Dear federal busybodies; here’s what I spend my money on:
1. $2.79 - Goldfish food. I don’t have any, but just in case.
2. $6.54 - Paperclips
3. $19.34 - Paper for paperclips. Kind of a matching set thing.
4. $7.34 - Toe nail clippers. Been tearing up the sheets.
A bunch of other stuff.
I spent $75 on Nespresso capsules this week. Cuff me ‘cos I been a bad girl.
I spend mine on popcorn . . . love eating popcorn while watching the Keystone Kops!
I’ve got two bank accounts. I like to move money between them. Form bank A to bank B. Other times from B to A. Why? Don’t know. Probably because I can and it’s sort of fun to watch the deposits come in. Maybe I need a hobby.

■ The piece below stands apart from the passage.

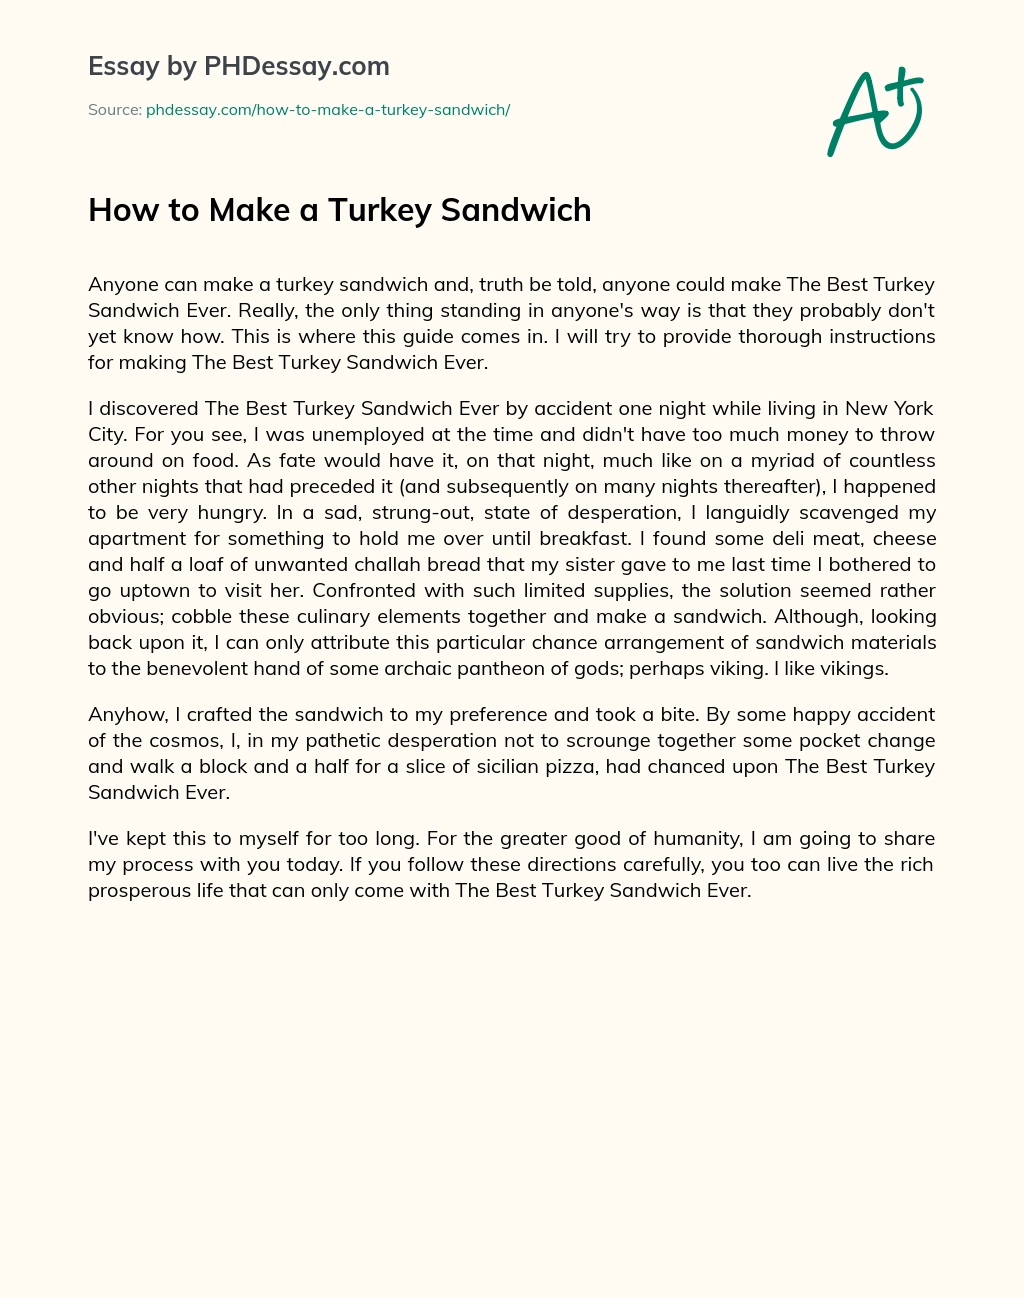 How to Make a Turkey Sandwich essay

Hmmm. Toe nails, tearing up sheets...What is the information encoded here?.... Tn, t ...Aha! TNT! You are planning on making a bomb with TNT! And planting it in some government building to kill large number of your betters! You are a domestic terrorist! I shall make sure that you will be caught completely unawares at 4 a.m. as we sweep in with sheriffs, FBI agents, frogmen, and, of course, the CNN film crew to document our heroic takedown of such a dangerous exremist, you white nationalist extremist!
By the way, do you have any dogs we can shoot for good measure?
Dear FBI: I’ve been taking Vitamins C, D3, and K2, Zinc, Quercetin, Melatonin, probiotics, L-Lysine, and several other supplements that are said to be prophylactics against Covid-19. I also oppose critical race theory and LGBTQ+ indoctrination in the public schools. I think General Milley as a fat-ass fascist. Since in your eyes those things make me a white-supremacist, an extremist, and a terror suspect, you might want to talk to me. You know where to find me.
Remember your elementary school training. A paper clip and a rubber band make for a formidable weapon.
“$7.34 - Toe nail clippers. Been tearing up the sheets.”
I can hook you up with a pair of toe nail clippers for a buck.